* [WHAT THE TASK REQUIRES]:
The output should match, line for line, the records from the line containing "Have This Thing" through the line containing "WAMSS Sport - Proud", with every picture left out.

* [DATA SHOWN]:
|---|
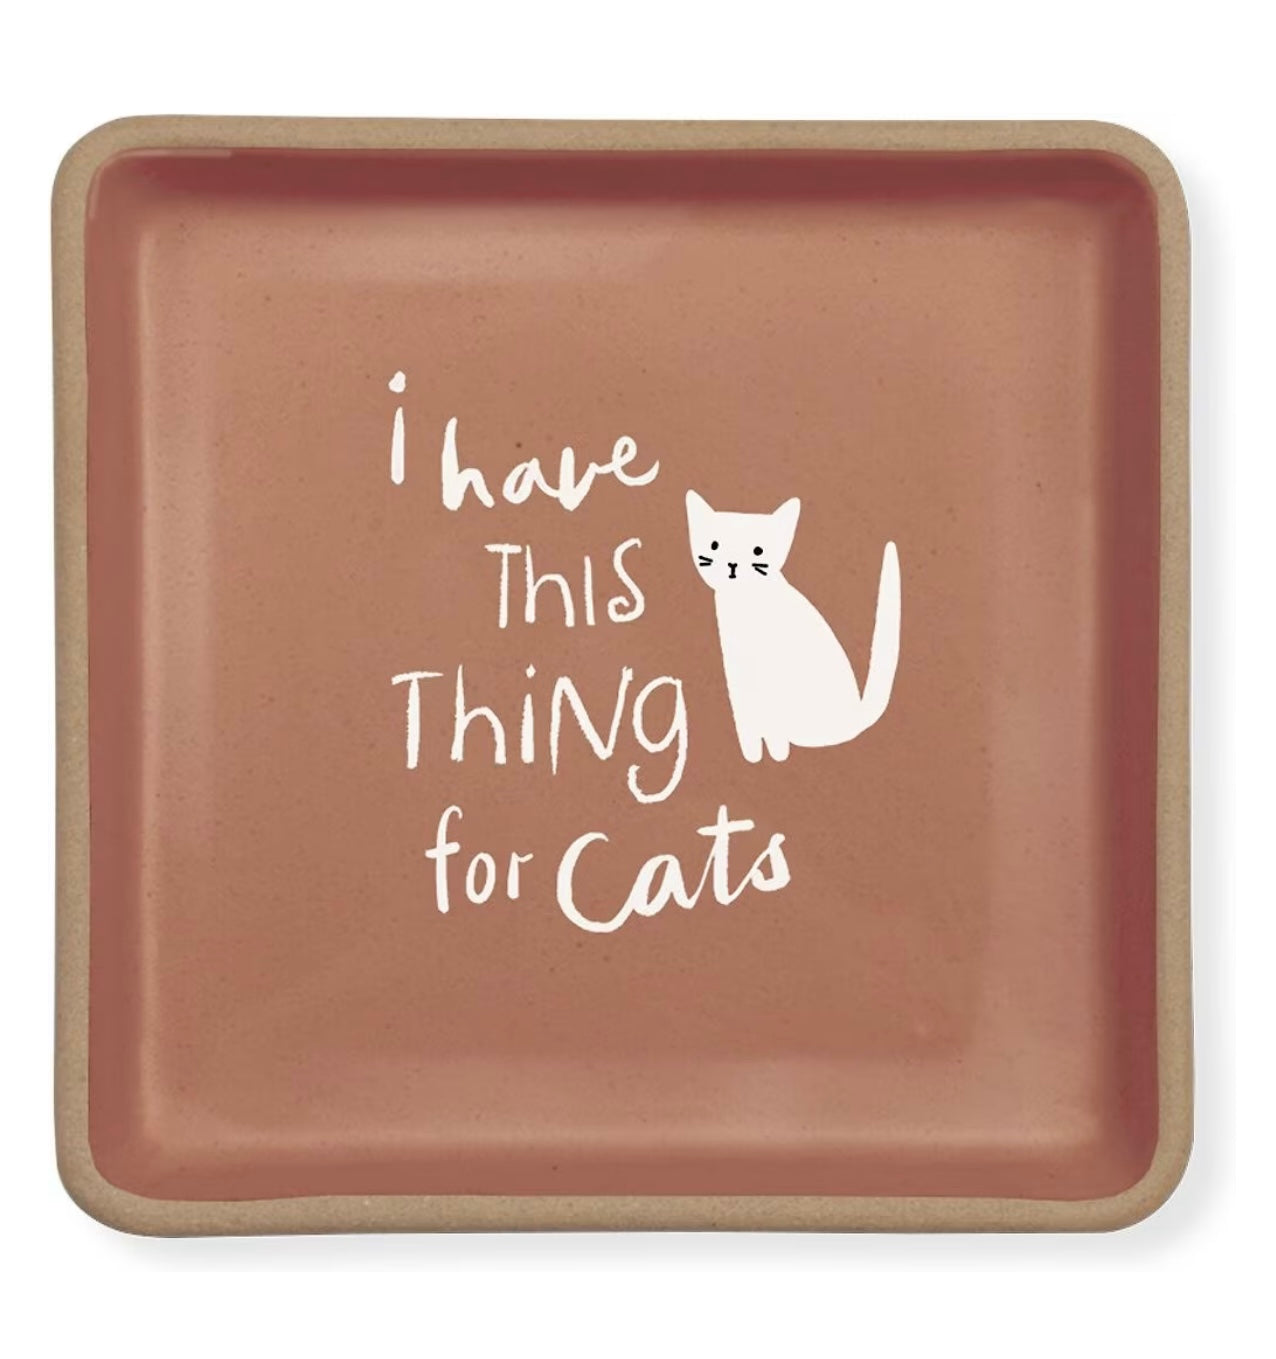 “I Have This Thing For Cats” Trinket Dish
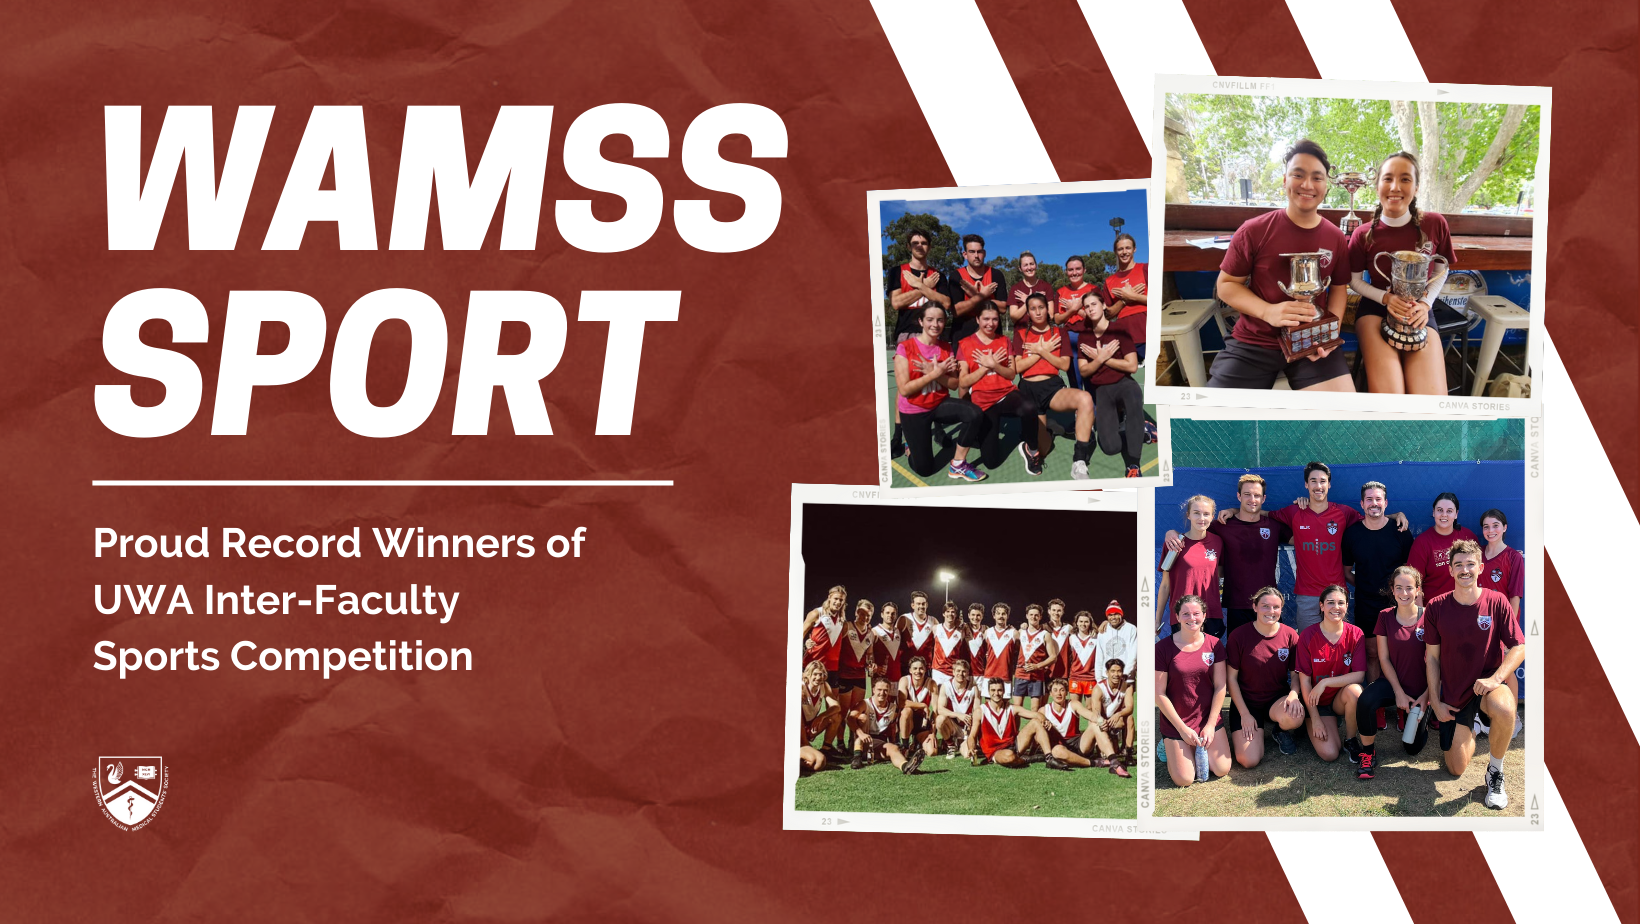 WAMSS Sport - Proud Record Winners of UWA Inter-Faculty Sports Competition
|---|
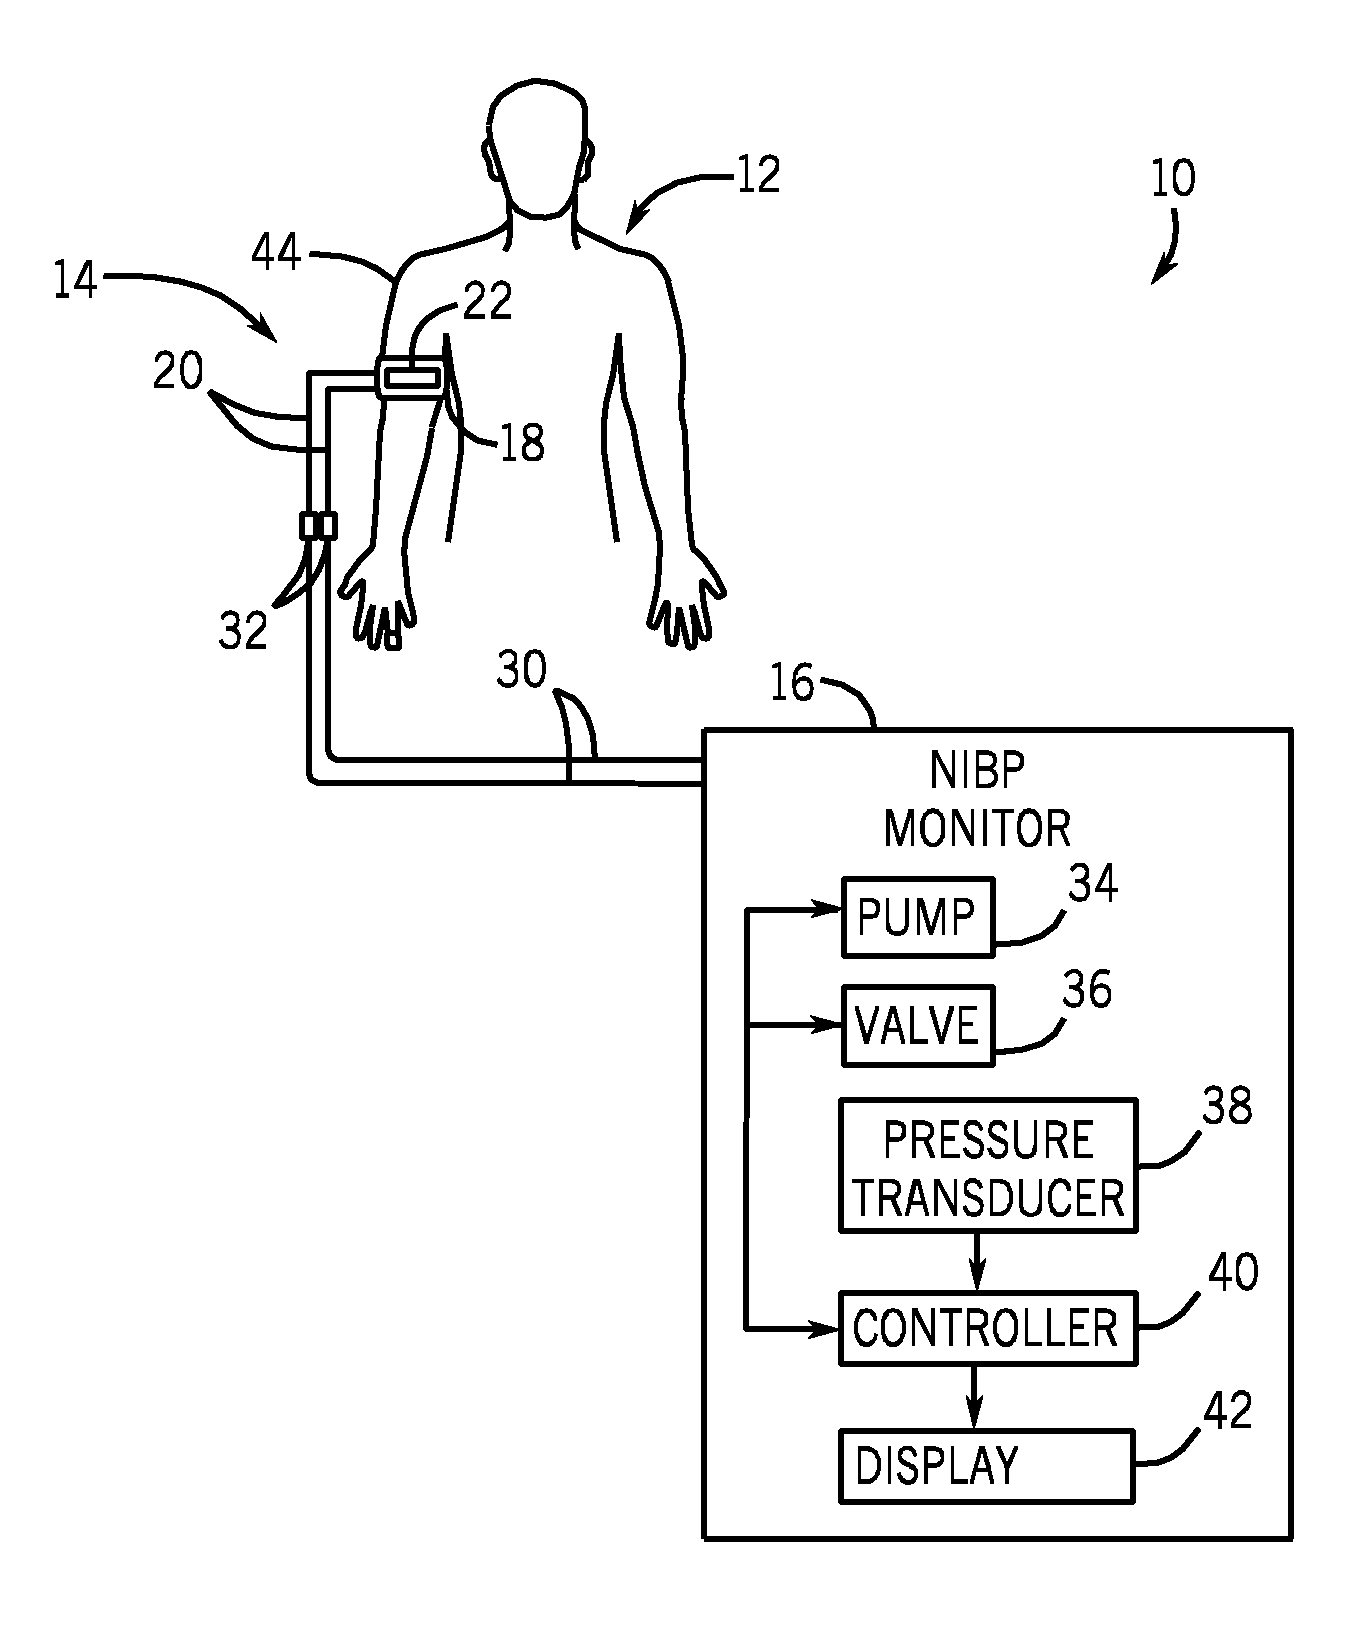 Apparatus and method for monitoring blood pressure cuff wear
|---|
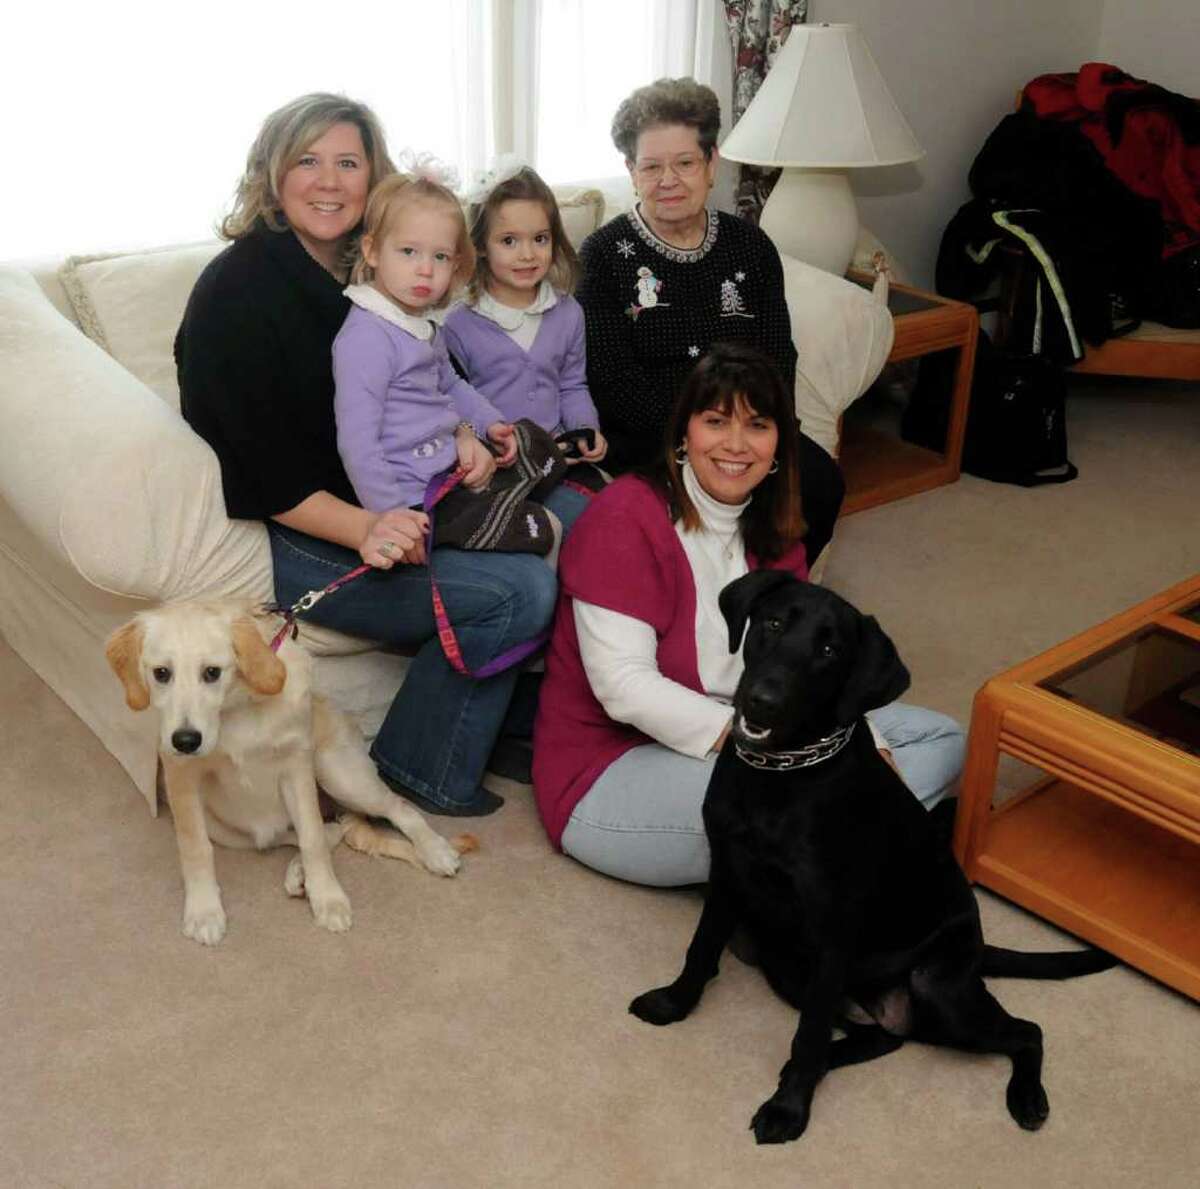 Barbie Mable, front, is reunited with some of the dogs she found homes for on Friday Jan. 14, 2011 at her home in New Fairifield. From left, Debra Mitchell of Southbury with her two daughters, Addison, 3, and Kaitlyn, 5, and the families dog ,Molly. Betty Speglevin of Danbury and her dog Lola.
|---|
* [EXERCISE ANSWER]:
 “I Have This Thing For Cats” Trinket Dish
 WAMSS Sport - Proud Record Winners of UWA Inter-Faculty Sports Competition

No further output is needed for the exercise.